> _Try it_
Return the data below unchanged, without images.

** Data follows **

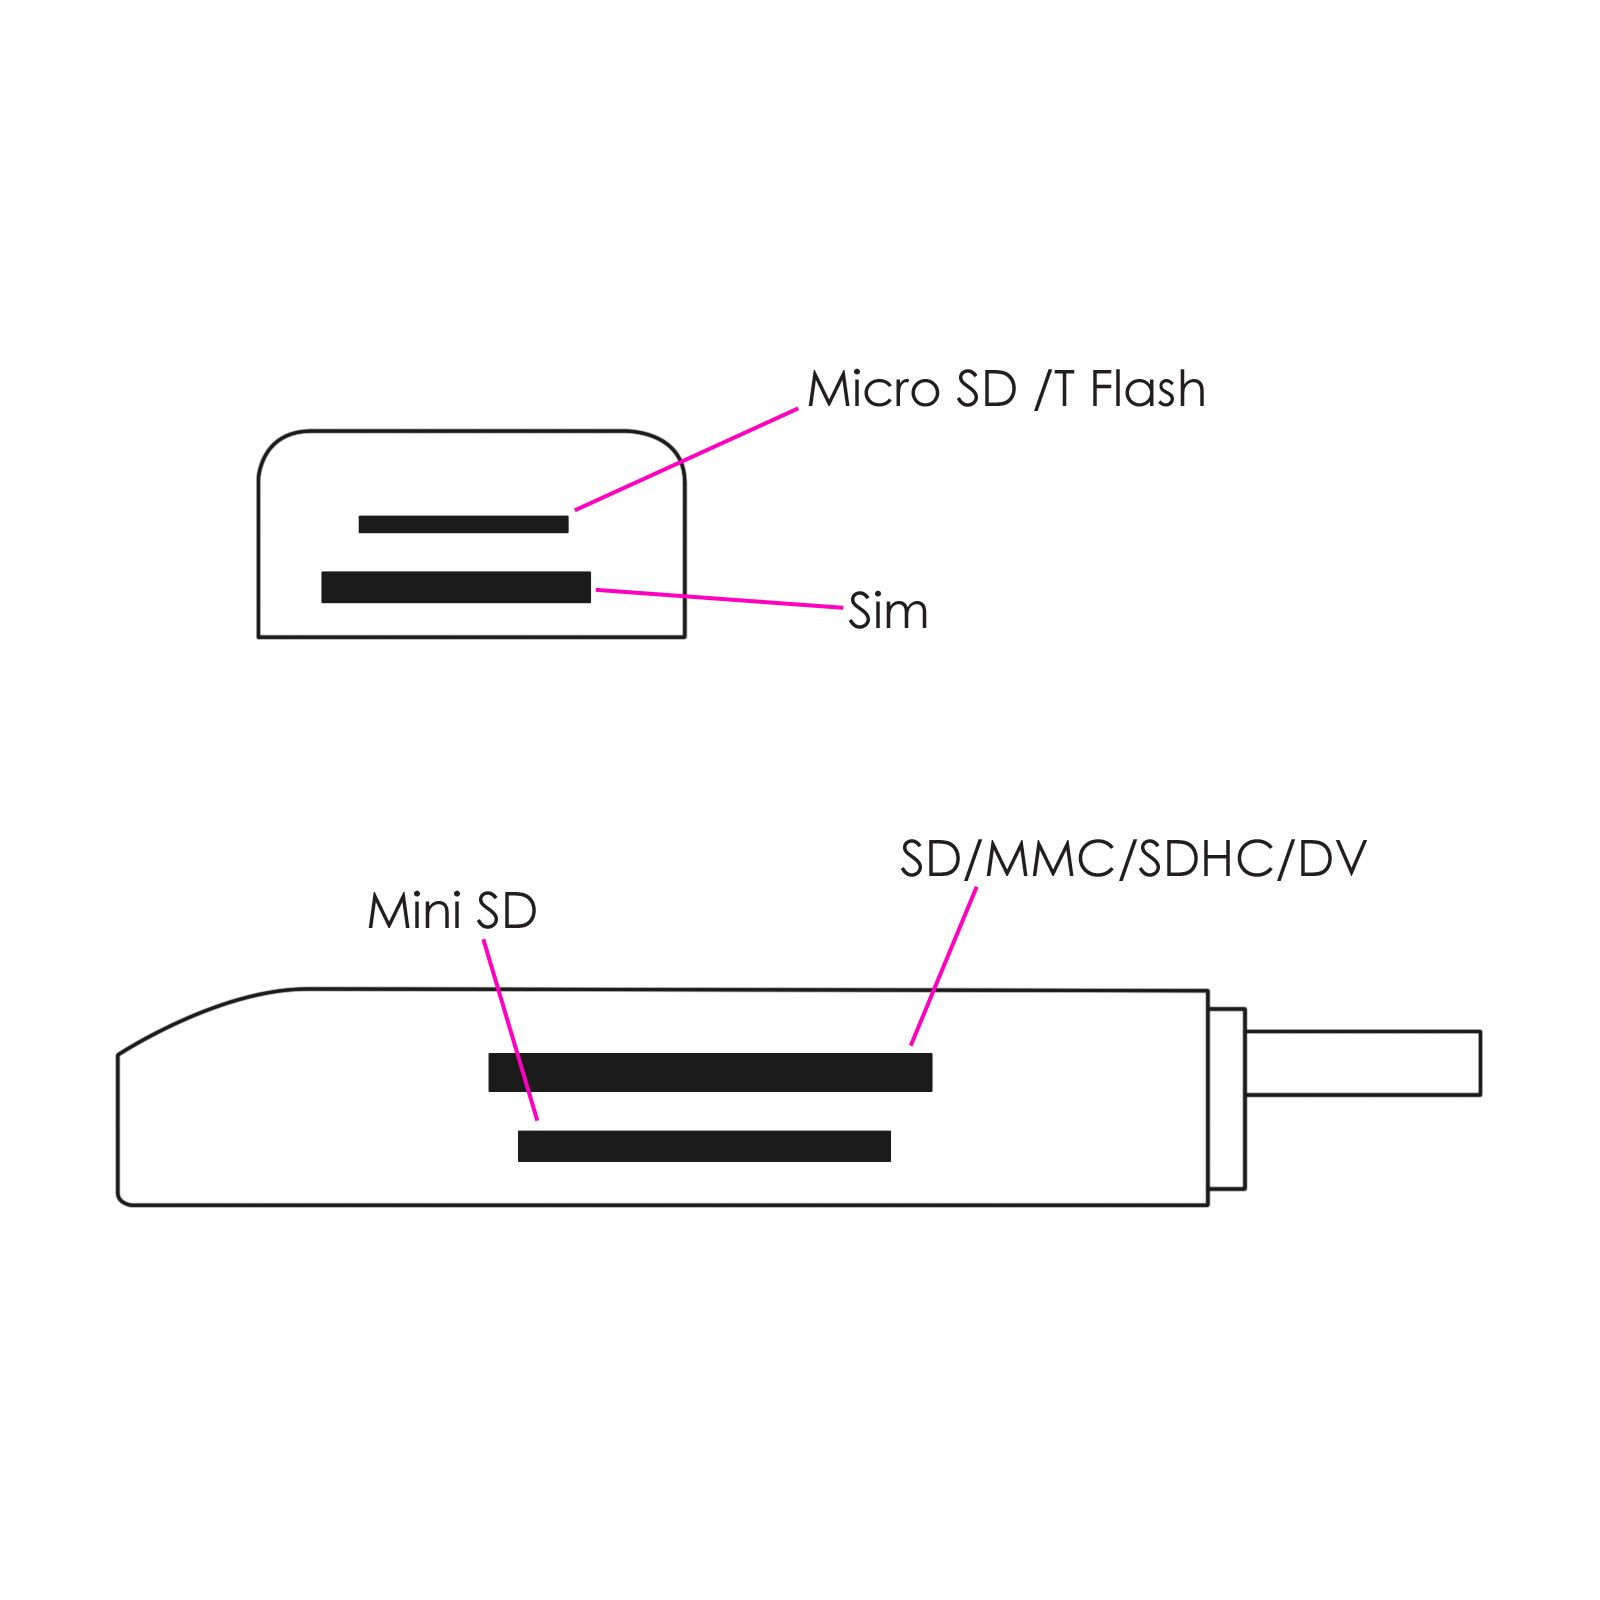 Usb Sim Card Reader Micro Sd Sdhc Mmc Adapter To Pc Sd
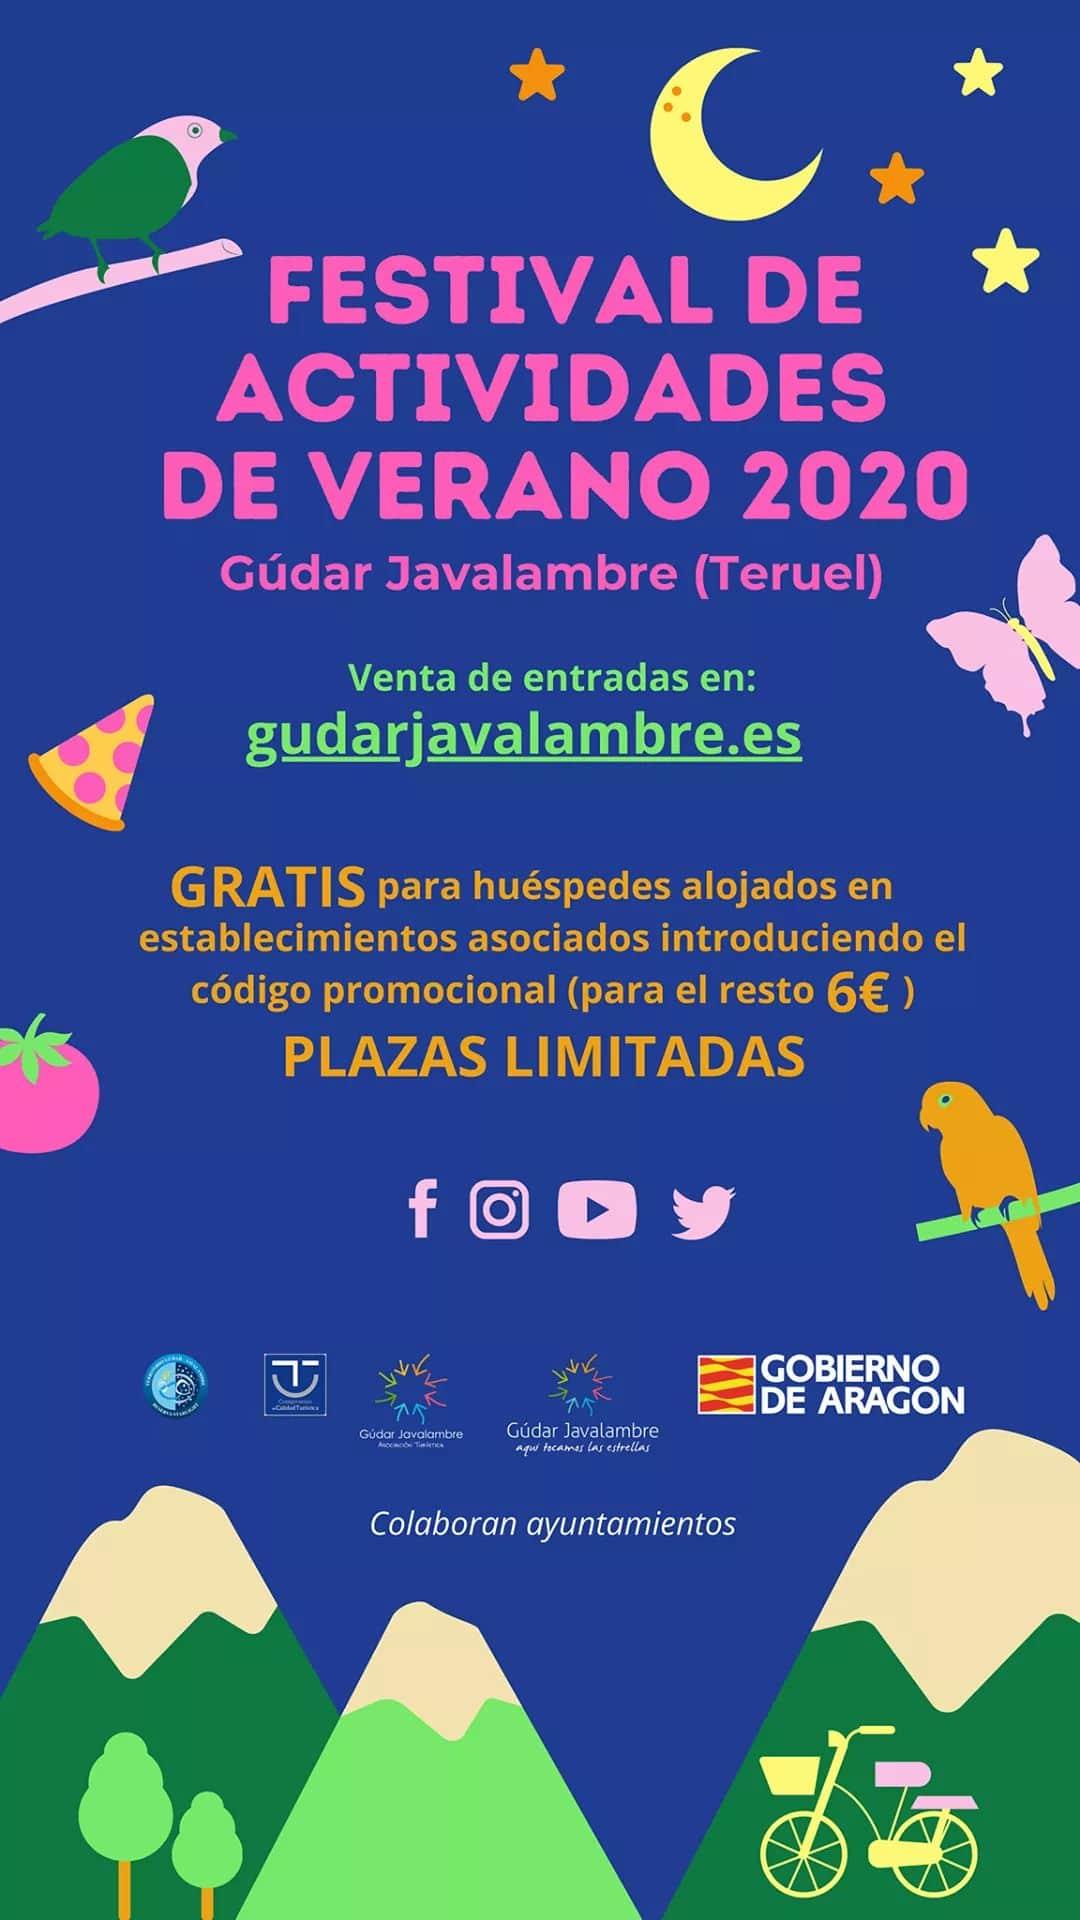 festival actividades verano gudar javalambre 2020
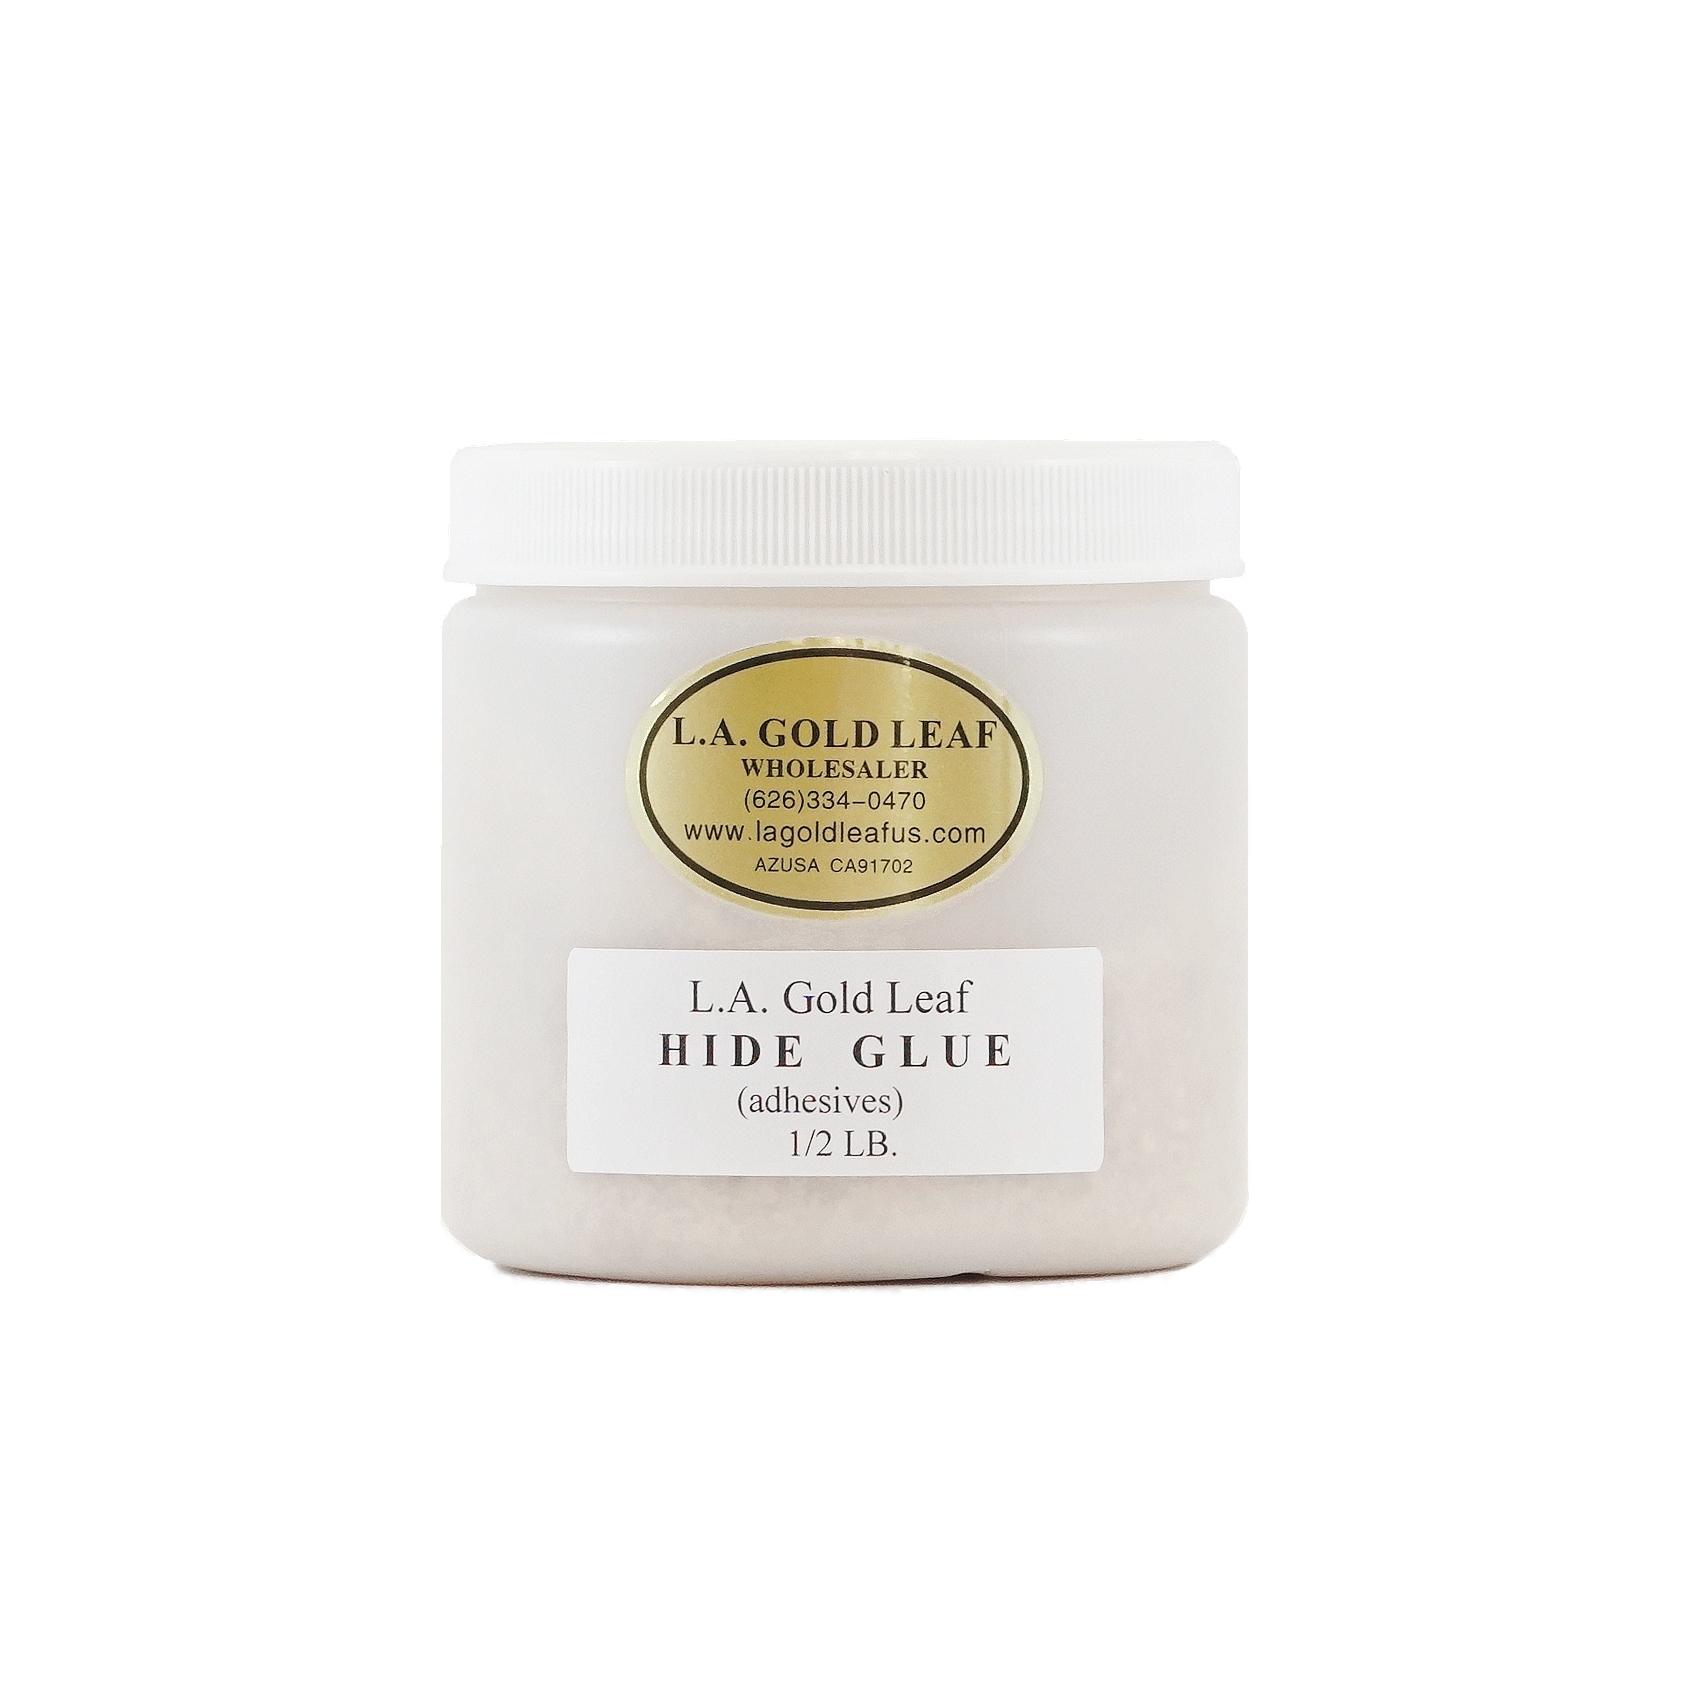 Hide Glue 1/2 LB

** End of Data **

> _Exercise result_
 Usb Sim Card Reader Micro Sd Sdhc Mmc Adapter To Pc Sd
 festival actividades verano gudar javalambre 2020
 Hide Glue 1/2 LB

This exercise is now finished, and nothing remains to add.